Collaborative interdepartmental efforts, led by Professor Meier, have succeeded in circumventing some of these problems by developing a new approach.

“The new approach is based on exploiting ‘hidden’ irregularities at the atomic level, so-called anti-Frenkel defects,” Meier says.

The researchers have managed to create such defects themselves, thus enabling an insulating material to become electrically conducting.

Defects in the material are related to its various properties. However, the anti-Frenkel defects can be manipulated in such a way that changes in the conductivity do not affect the actual structure of the material or change its other properties, such as magnetism and ferroelectricity.

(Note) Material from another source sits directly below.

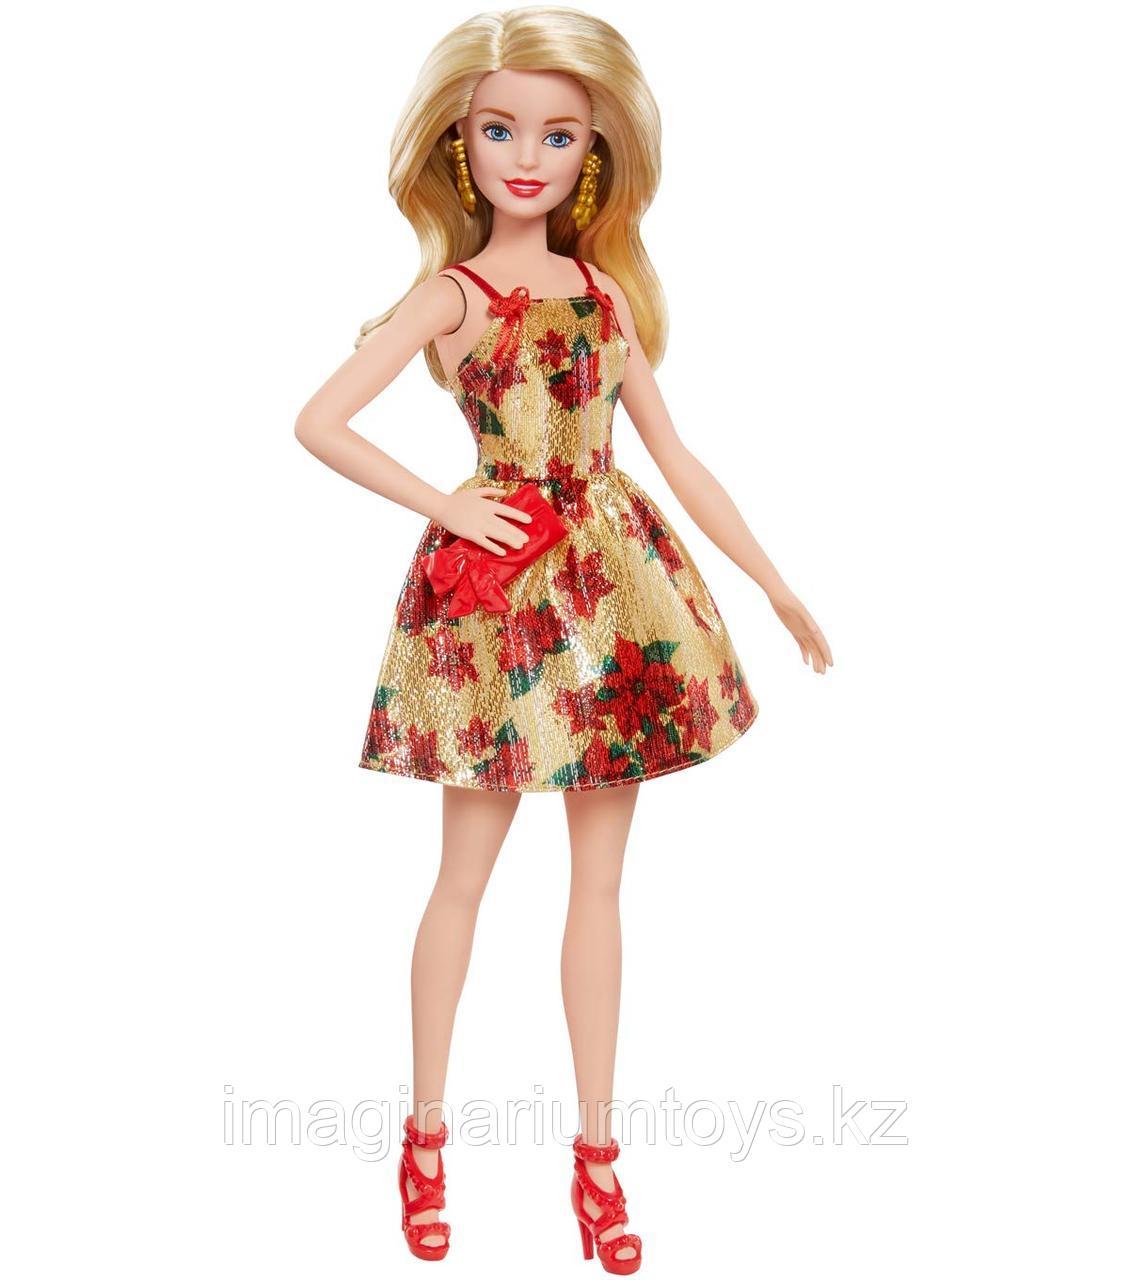 Кукла Barbie 2018 Рождественская Барби

“Maintaining the structural integrity makes it possible to design multifunctional devices using the same material. This is a big step towards new technology on a nanoscale,” says Meier.

The research team includes Professor S. M. Selbach from the Department of Materials Science and Engineering, Professors Antonius T. J. van Helvoort and Jaakko Akola and Associate Professors Per Erik Vullum and David Gao from the Department of Physics, and Associate Professor Jan Torgersen from the Department of Mechanical and Industrial Engineering.

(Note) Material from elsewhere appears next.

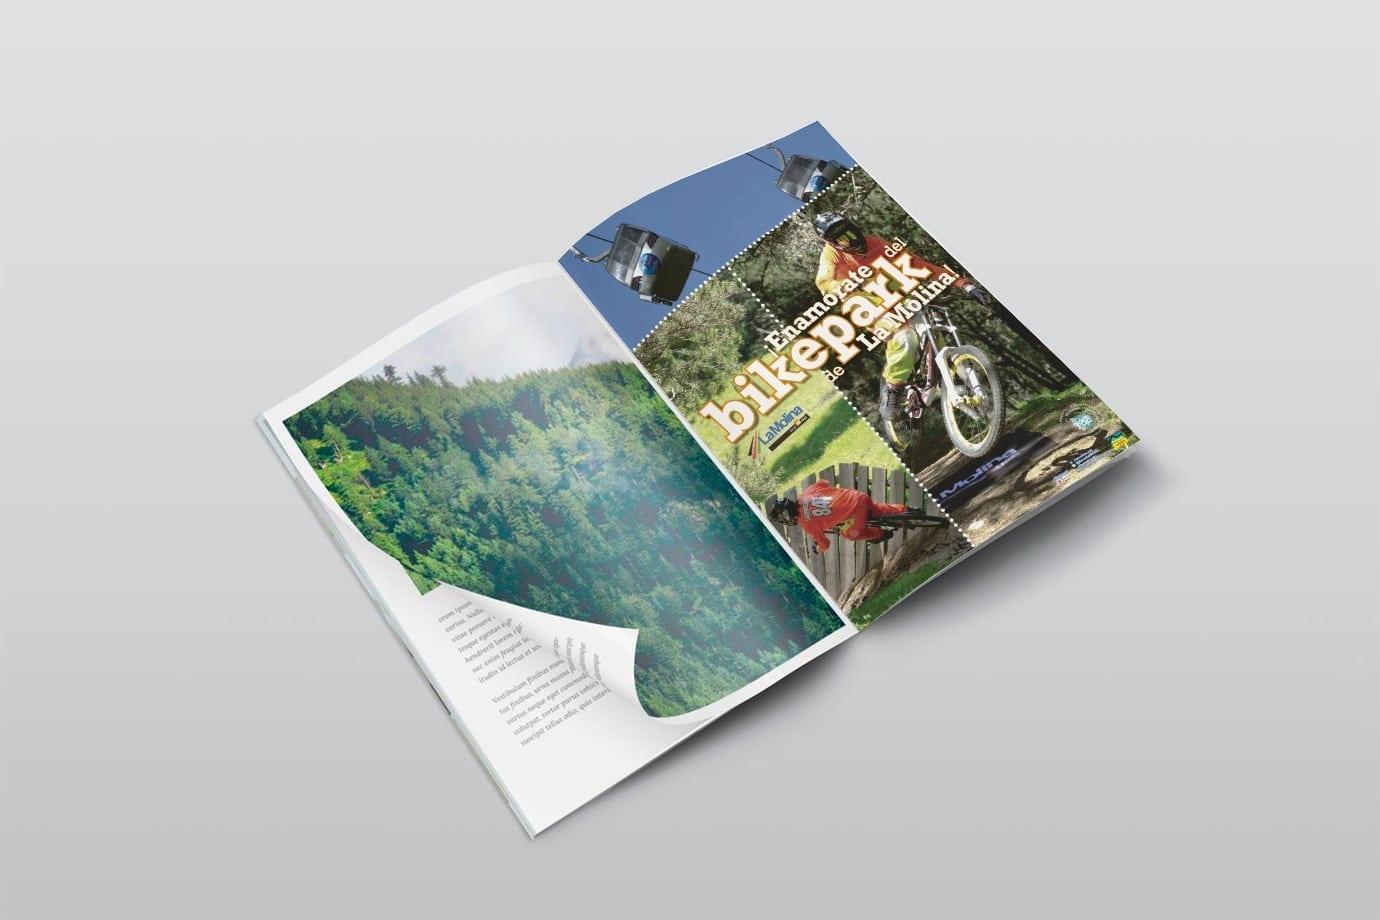 isometric-magazine-mockup-2-images

Another advantage of the new approach is that researchers can erase components on a nanoscale using a simple heat treatment. Then you can change or upgrade the components in the material afterwards.

“Maybe we’ll be able to use our electronic gadgets longer instead of recycling them or throwing them away. We can just upgrade them instead. This is fundamentally much more environmentally friendly,” Meier says.

Planning is already underway for further attempts to combine different components. This work will be carried out by the FACET group at NTNU’s Department of Materials Science and Engineering.

The work is supported by the European Research Council through an ERC Consolidator Grant that Meier received last year. The renowned Center for Quantum Spintronics (QuSpin) is also involved. The goal is to utilize both charge and spin in the electrons to give us a more environmentally friendly future.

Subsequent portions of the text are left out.